His tone was dismissive. The femaleness of this was beginning to annoy him, she could sense.

“In any case”—he made another note—“those pregnancy testing kits can be unreliable unless you follow the directions on the package exactly.”

“Look, I can read instructions on a kit, all right? A five-year-old child could understand those instructions. I just—”

“Of course. Of course.”

Her voice had risen; her tone had been a mistake. He became instantly soothing, a veneer of calm over a deepening lack of sympathy.

“Well, I very much doubt that there’s anything seriously wrong. You’ve been overdoing things, I expect. We’ll take our own sample, however, so we can rule out pregnancy for certain. I’ll run a blood test too. I don’t like the weight loss. See the nurse now and come back in three days. I’ll see you then.”

Gini returned three days later. She saw a different doctor, the first being out on emergency call. The second, a woman, was cheerful and brisk. The pregnancy test was negative. The blood test was normal. She diagnosed stress. She prescribed a short course of Valium. Gini collected the pills, took them home.

They made her violently angry. She tipped them down the sink.

C
ONFRONT THE DEMONS: THAT’S
what Pascal would have said. Her stepmother, Mary, her friends—they might have given the same advice. But Mary, to whom she was so close, was away on a three-month trip to the States, and Gini did not ask her friends, not even Lindsay. To confront demons properly, she believed, you had to do it alone.

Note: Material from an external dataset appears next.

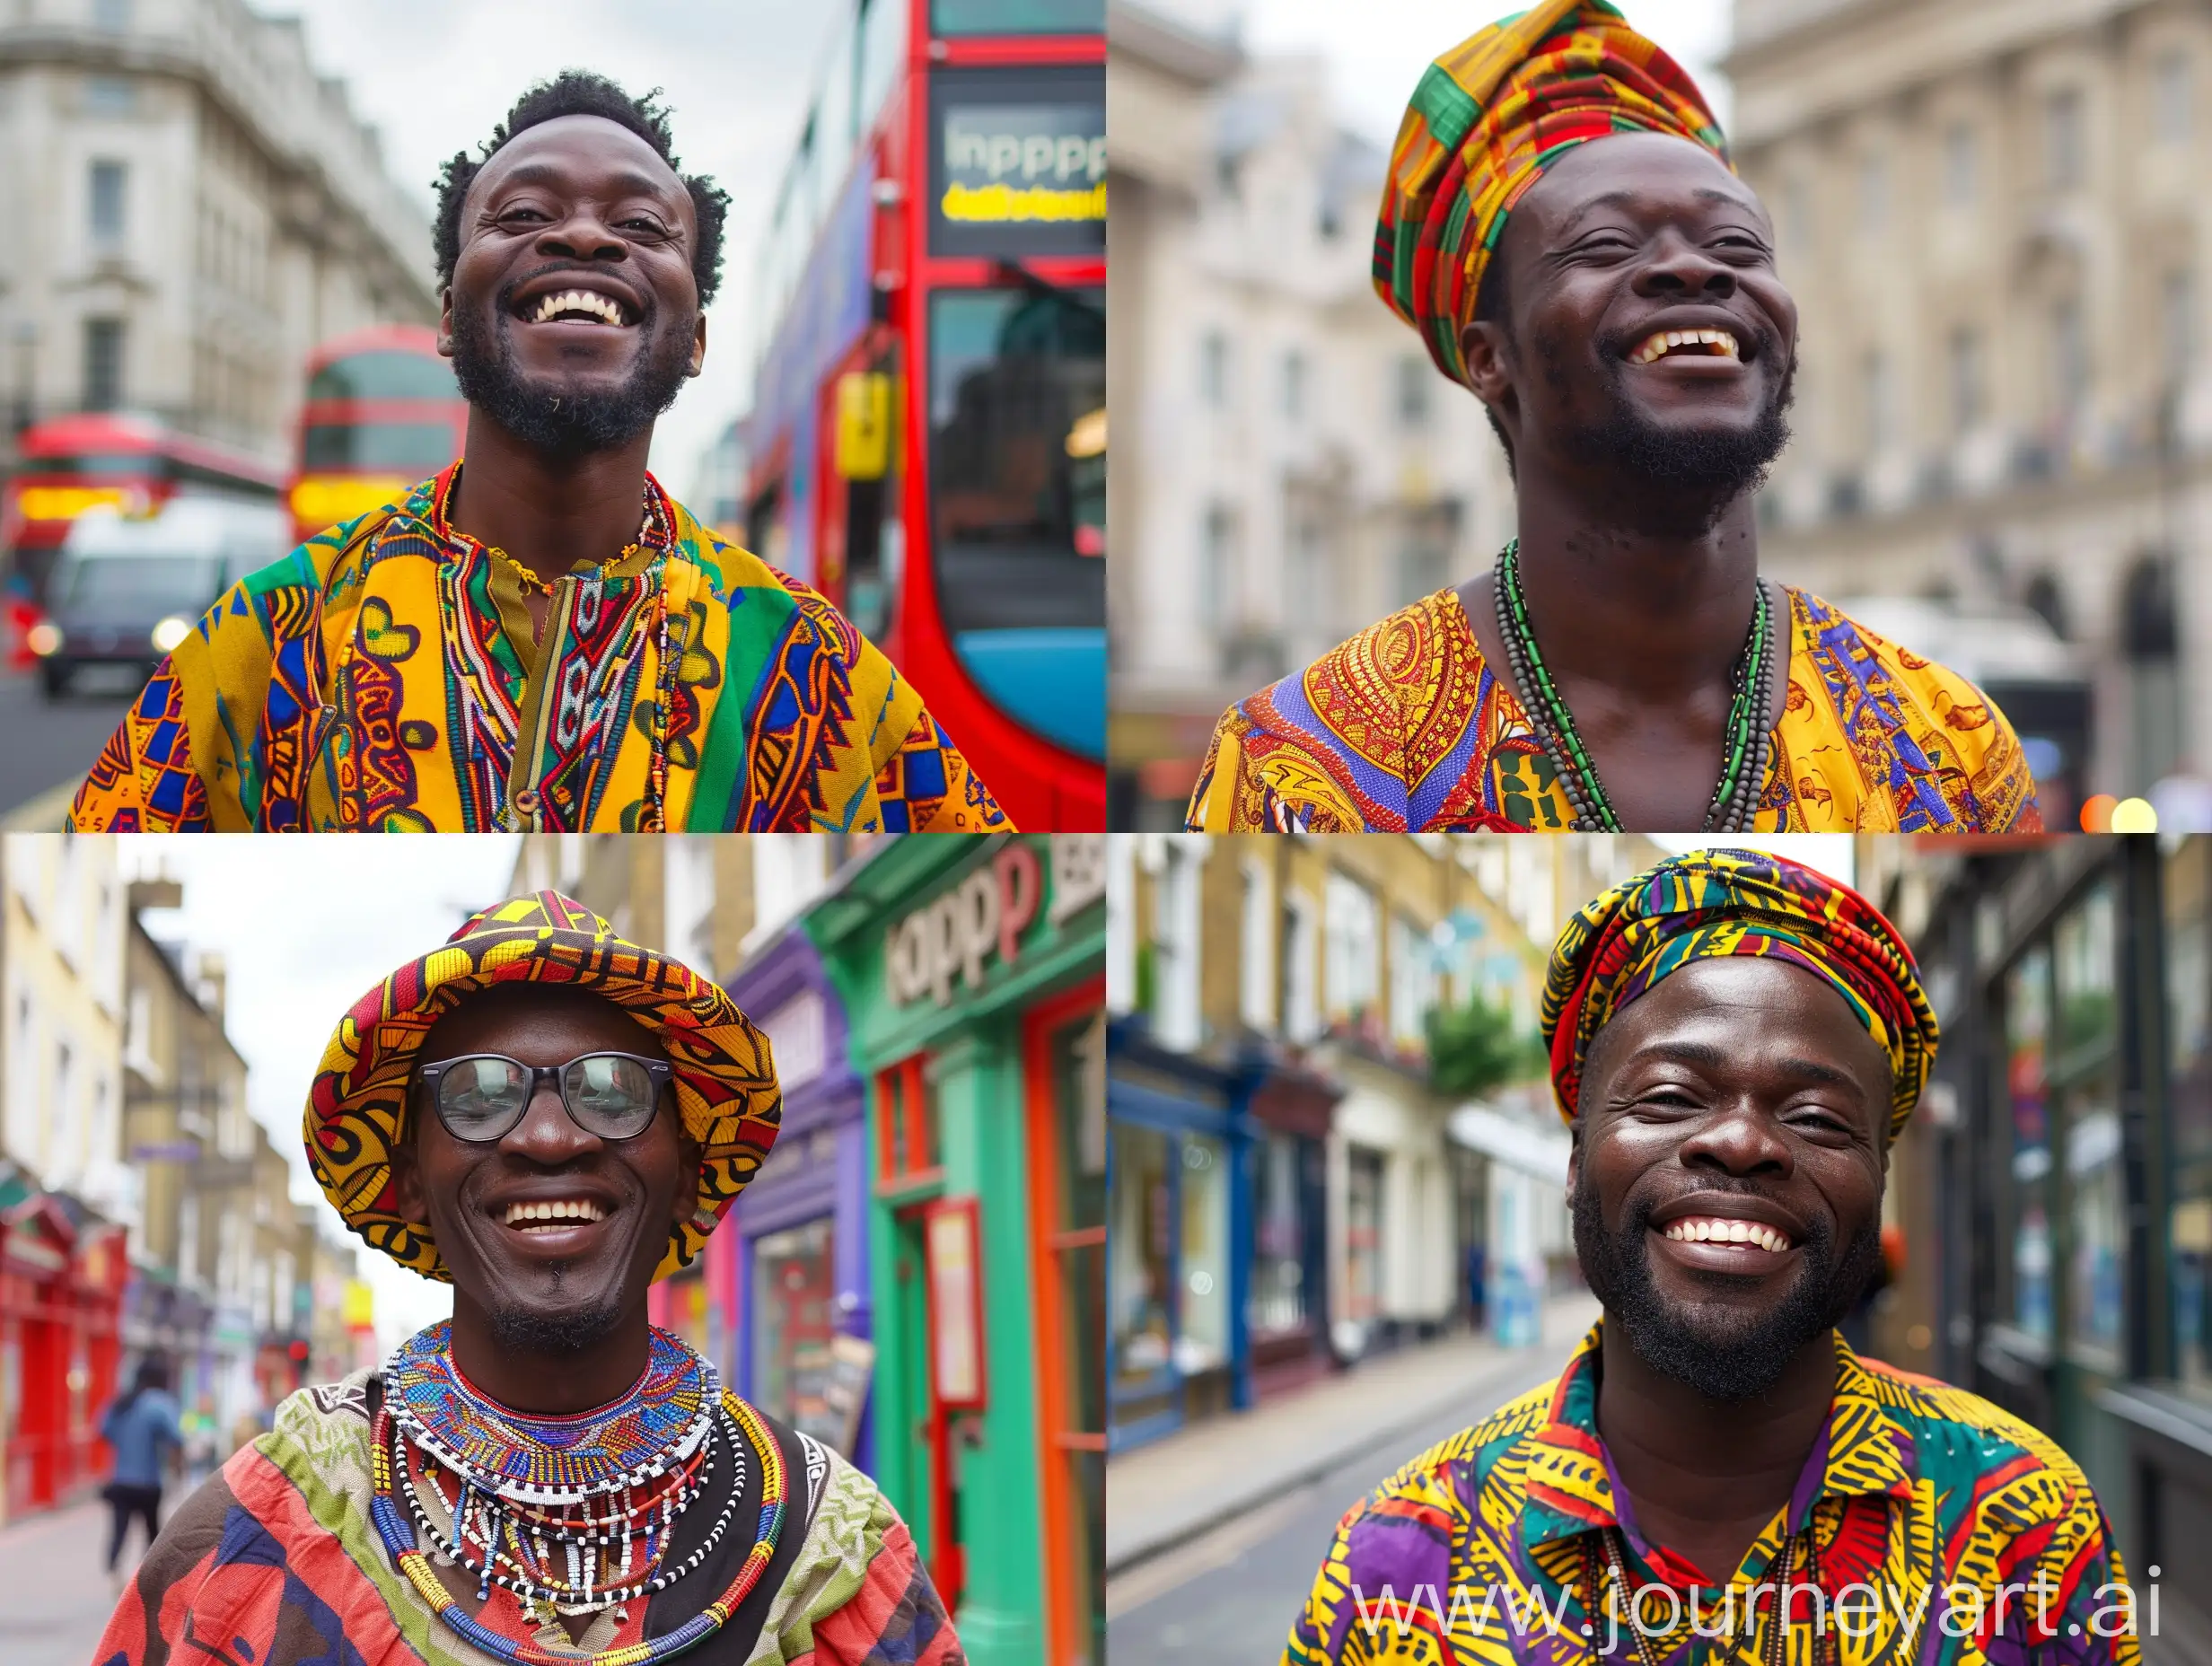 Joyful-African-Woman-Enjoying-a-Sunny-Day-in-London

She tried to work, and failed; she tried to sleep and mostly failed. And, in the mornings, to make the day move, time pass, she walked.

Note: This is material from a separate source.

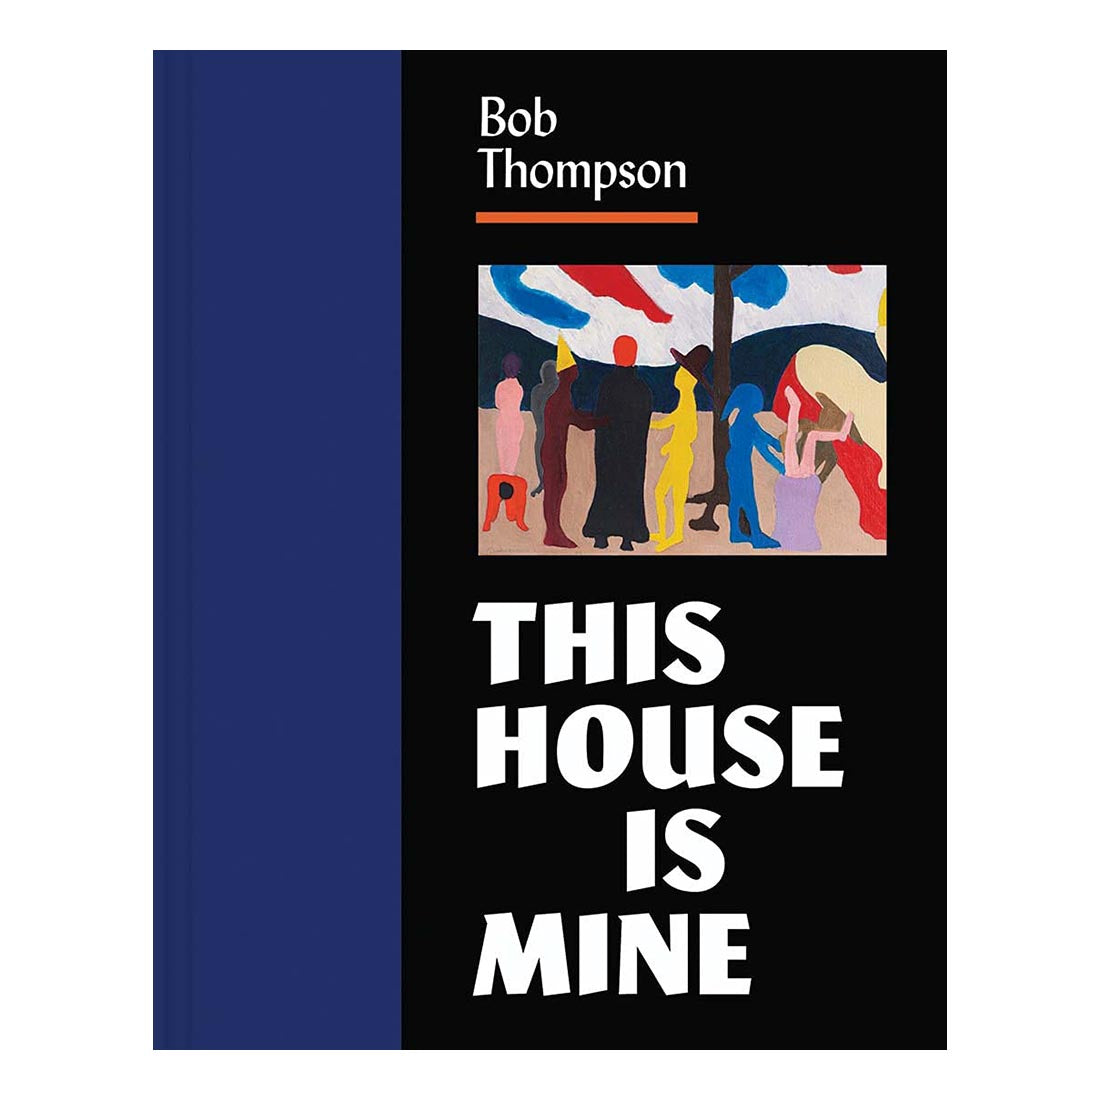 Bob Thompson: This House is Mine

No set pattern. That Friday, the Friday she was due to meet Lindsay, she walked north to Portobello, then south to Holland Park, then west to Shepherd’s Bush, then back along the main road to Notting Hill Gate. It was raining, a fine, thin rain, and cars hissed by on the streets. All the shops and restaurants seemed to buzz with a peculiar disjointed, distant life. Normal, normal, normal, Gini said to herself.
This
is normal—people shopping, friends meeting. It will be a normal weekend. I shall be my normal self. I’ll talk to people and function properly. I’ll stop sleepwalking through my life.